Work request: Without the pictures, retype each line below exactly as it stands.

Exercise data:
---
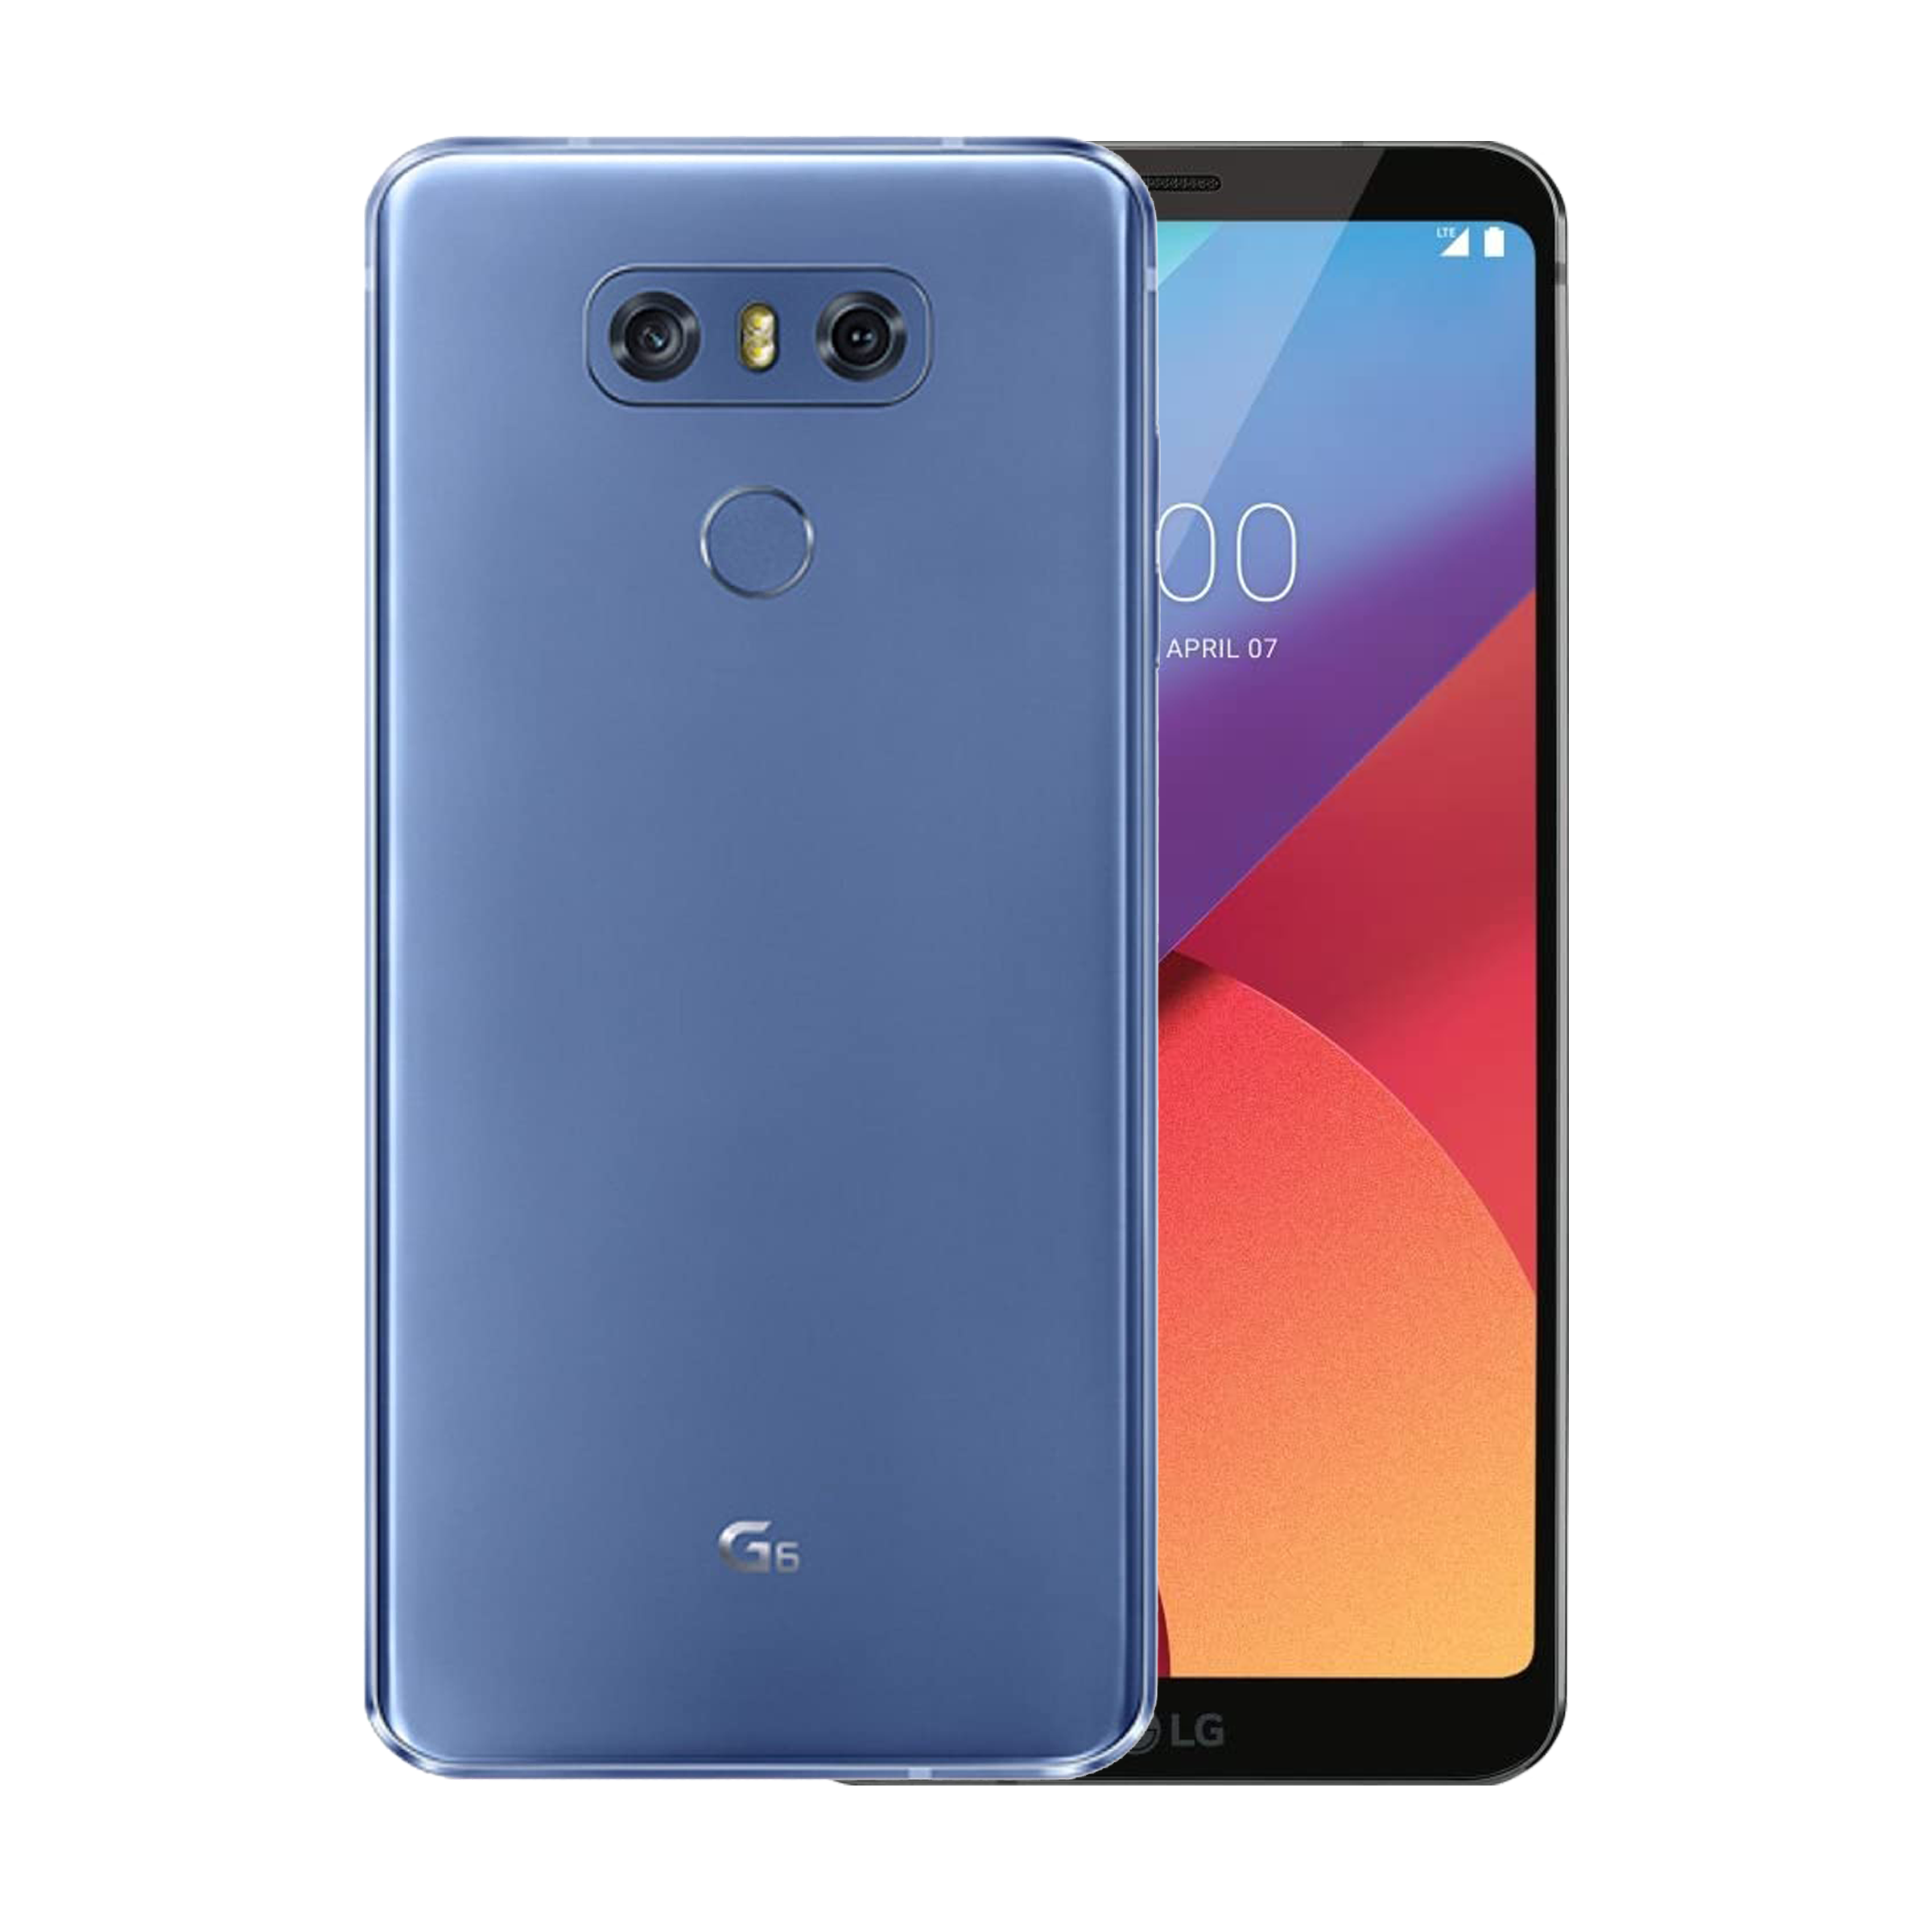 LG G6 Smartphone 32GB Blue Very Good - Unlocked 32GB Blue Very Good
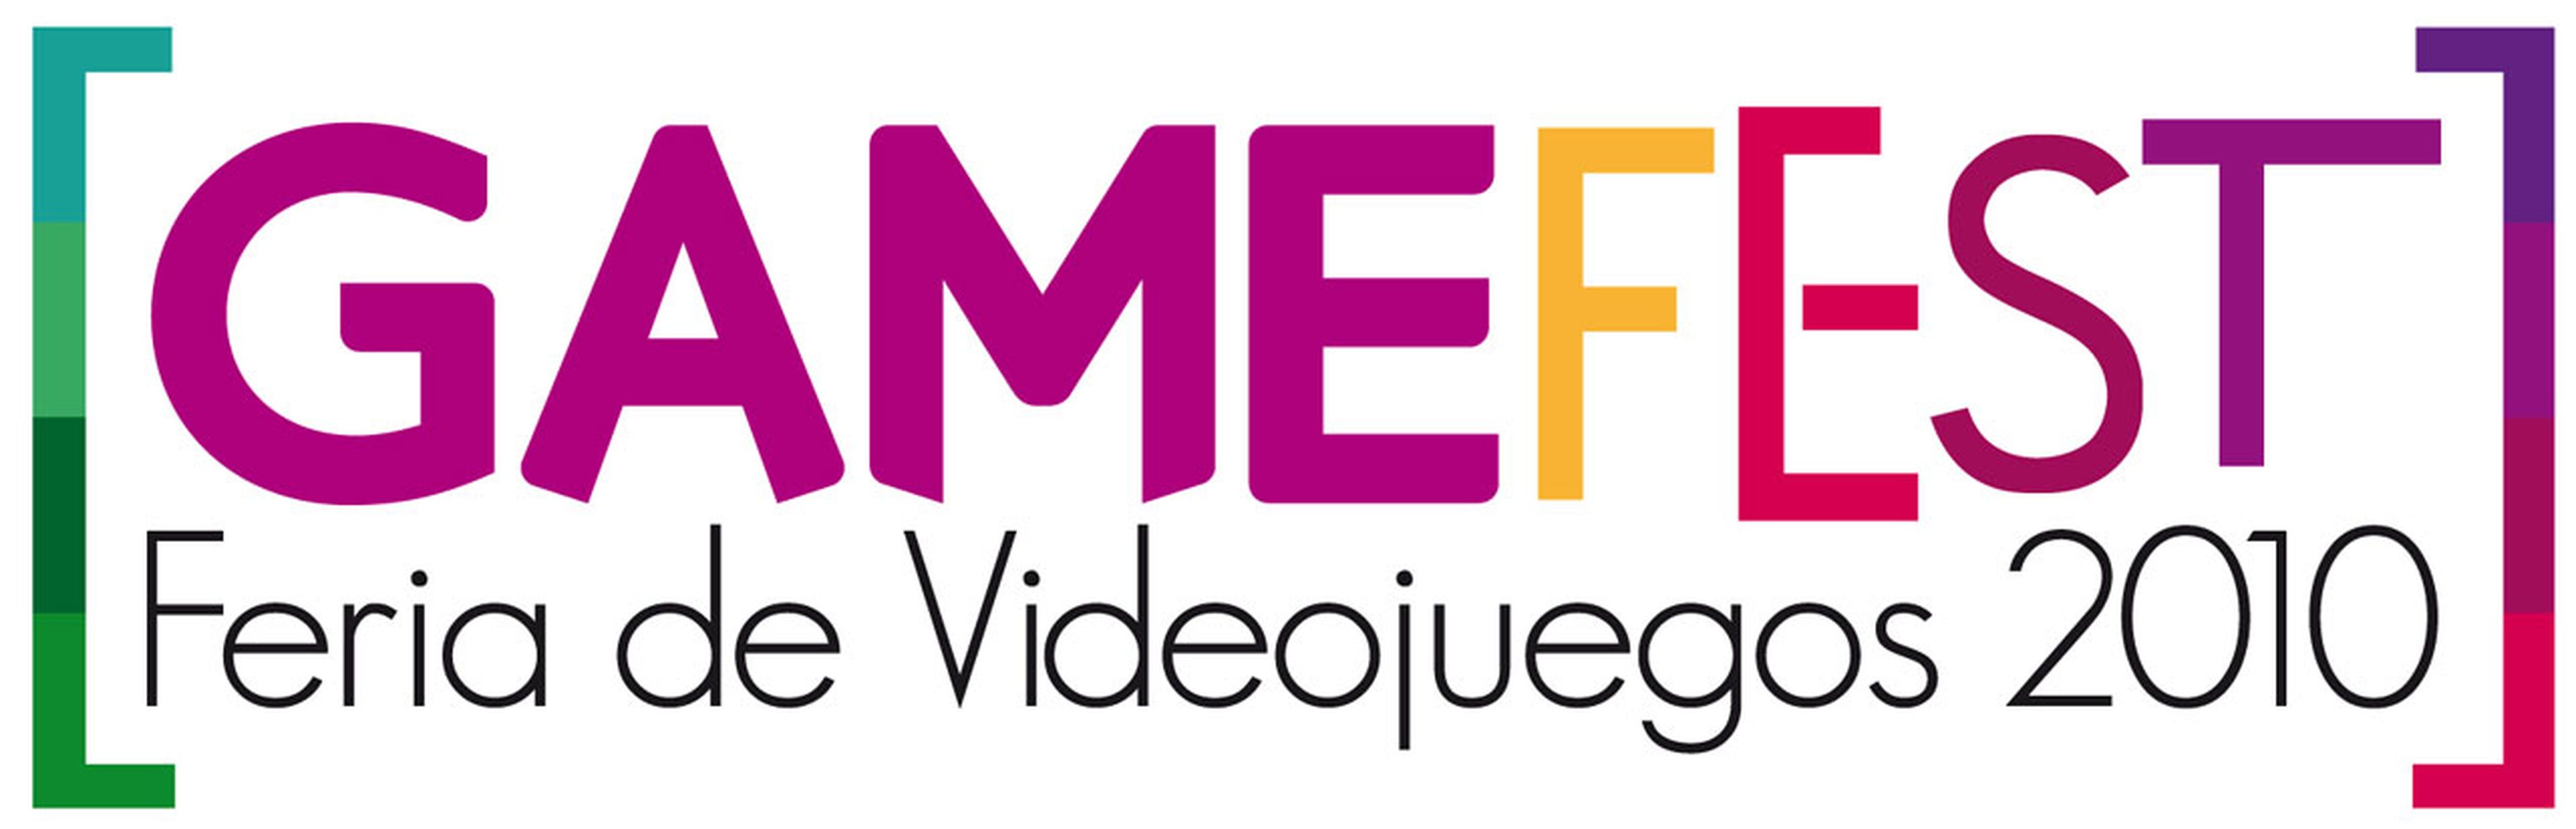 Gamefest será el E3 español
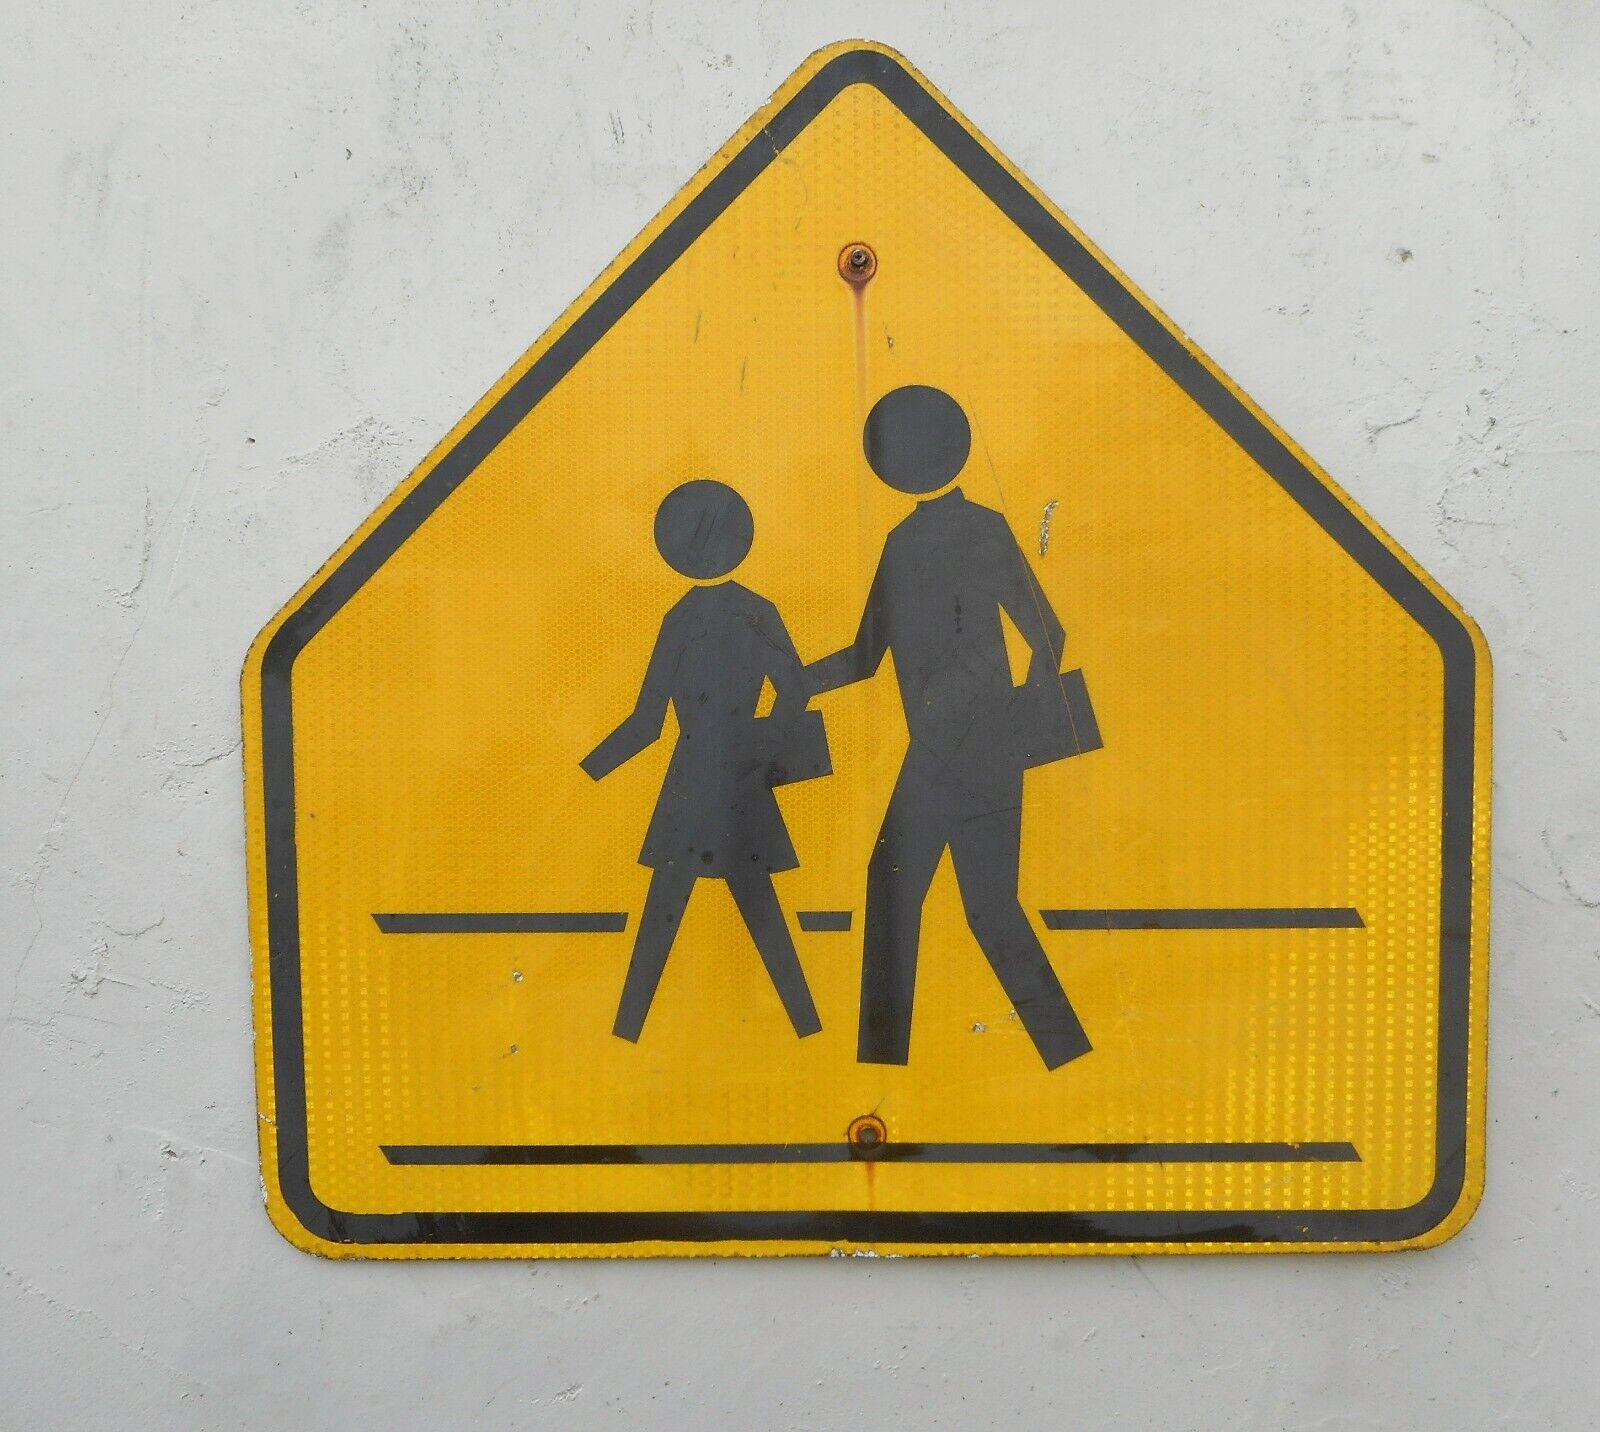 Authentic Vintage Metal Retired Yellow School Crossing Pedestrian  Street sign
---
Task answer:
 LG G6 Smartphone 32GB Blue Very Good - Unlocked 32GB Blue Very Good
 Gamefest será el E3 español
 Authentic Vintage Metal Retired Yellow School Crossing Pedestrian  Street sign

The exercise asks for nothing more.